__TASK BRIEF__: Transcribe the entries below word for word, beginning at the line with "Une petite poupée jockey avec un cheval" and stopping after the line with "en sus explotaciones"; drop all pictures.

__DATASET EXTRACT__:
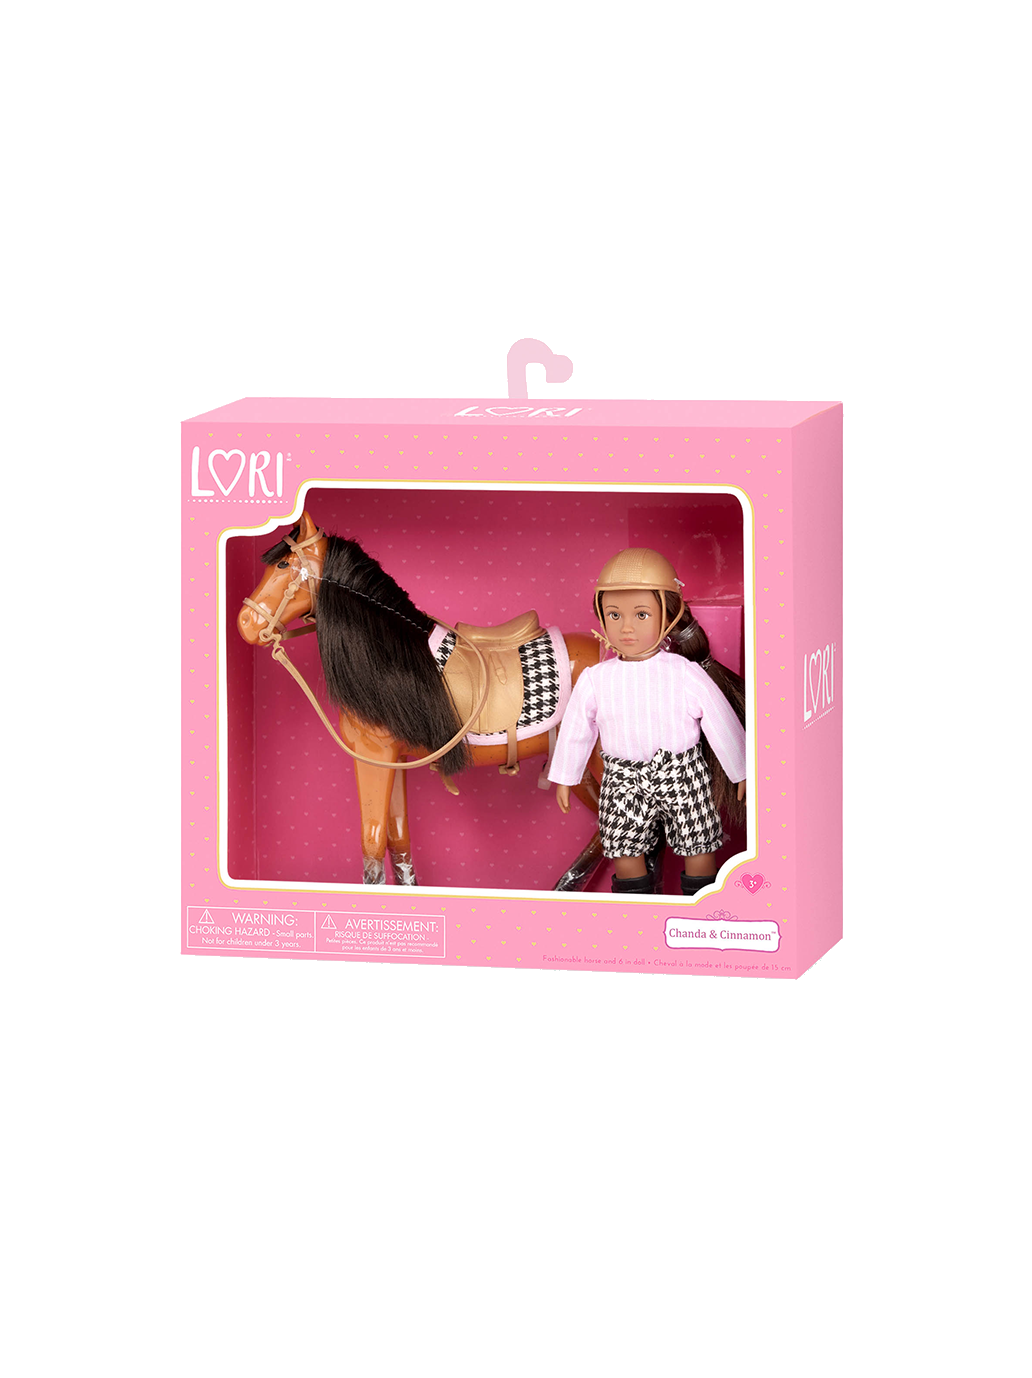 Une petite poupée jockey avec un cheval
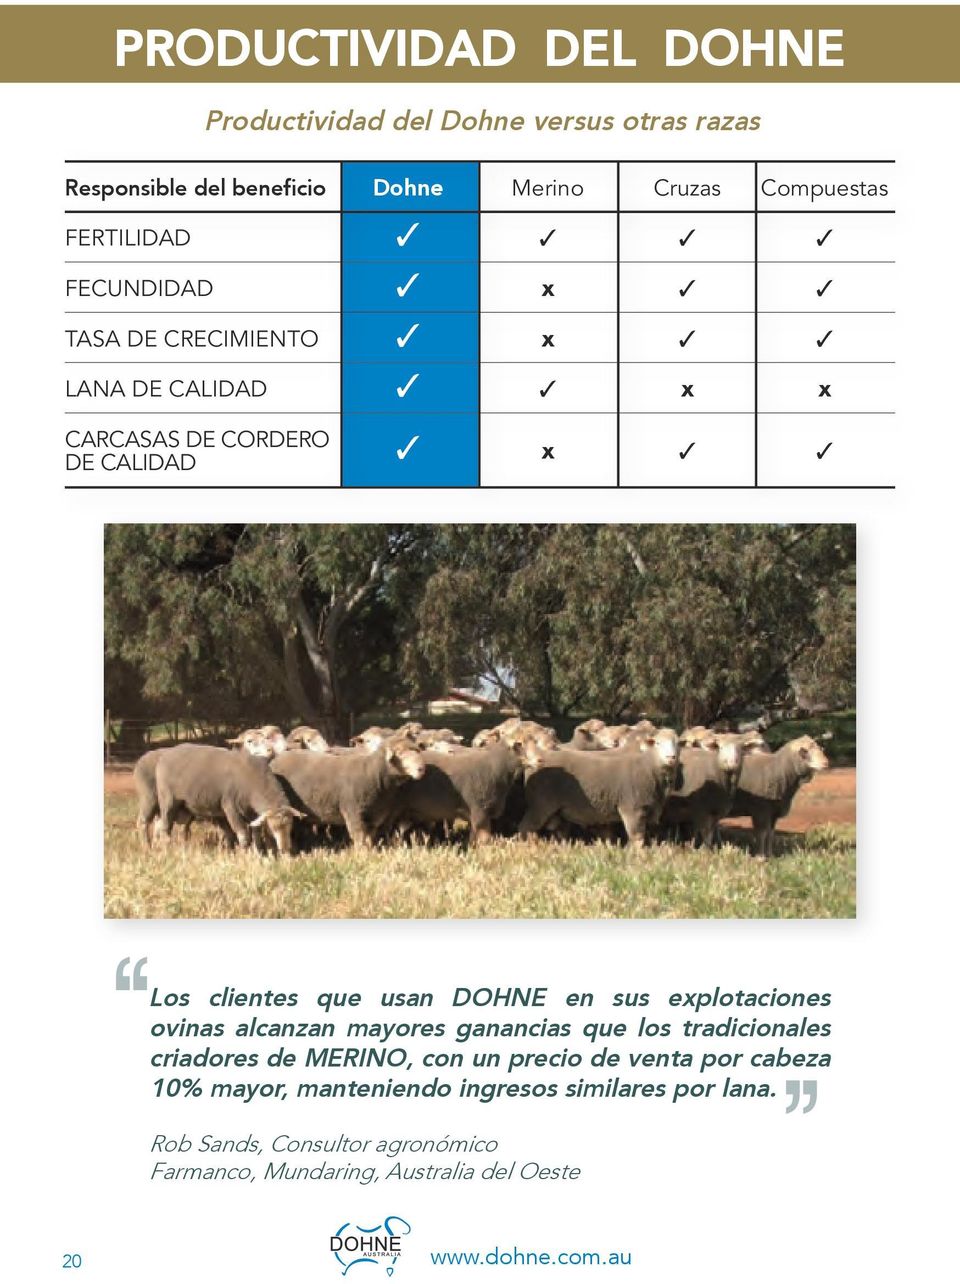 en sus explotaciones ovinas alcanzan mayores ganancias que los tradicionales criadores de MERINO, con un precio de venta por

...

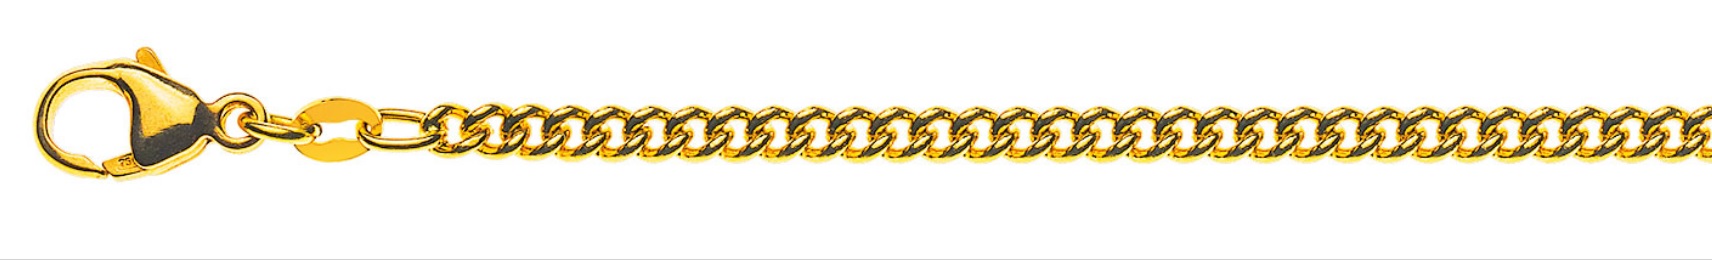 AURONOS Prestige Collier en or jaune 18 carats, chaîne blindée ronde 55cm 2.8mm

* * *

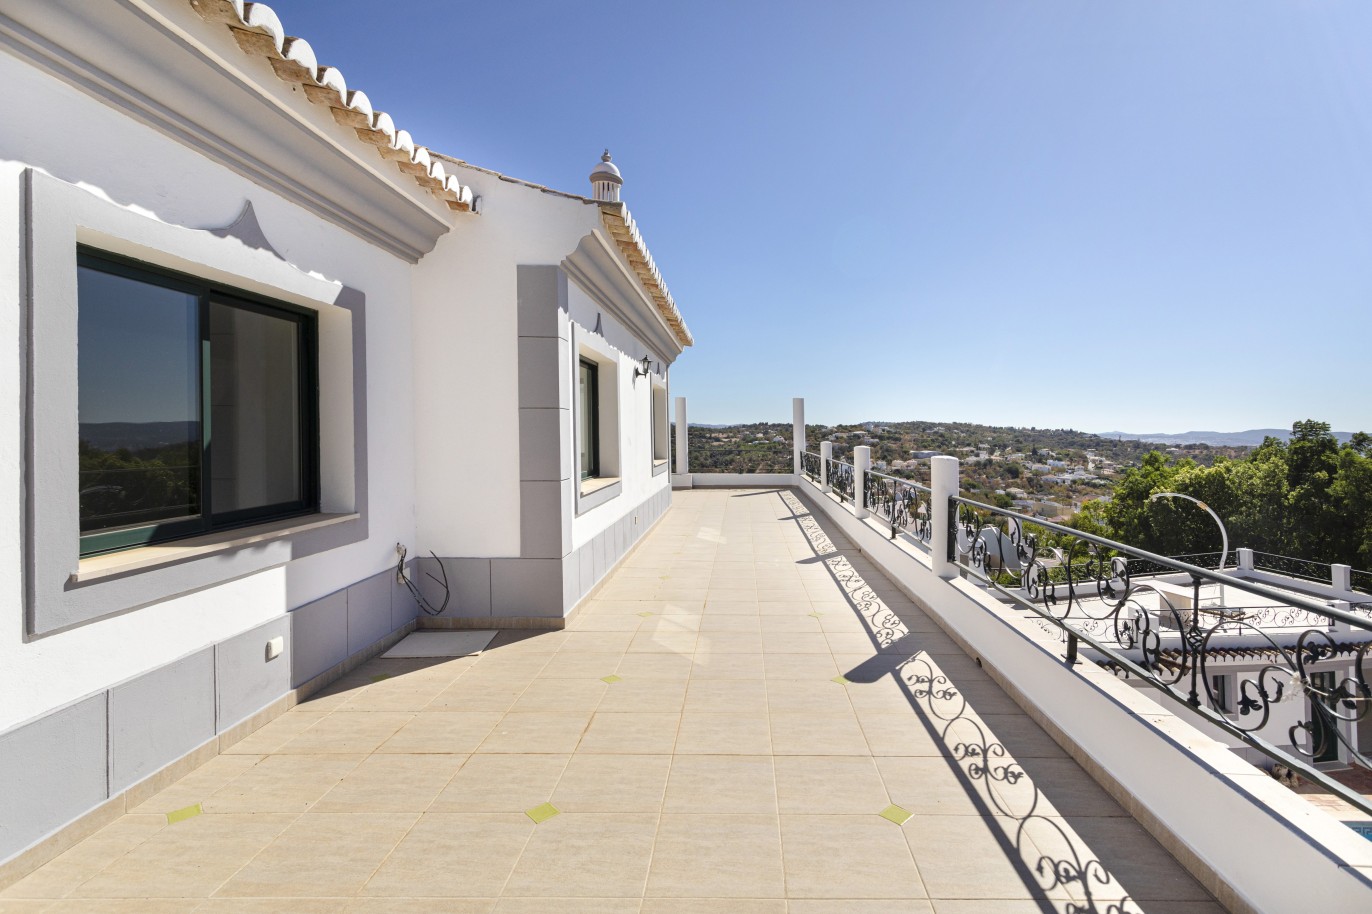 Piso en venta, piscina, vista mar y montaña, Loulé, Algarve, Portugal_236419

__SOLUTION__:
 Une petite poupée jockey avec un cheval
 en sus explotaciones ovinas alcanzan mayores ganancias que los tradicionales criadores de MERINO, con un precio de venta por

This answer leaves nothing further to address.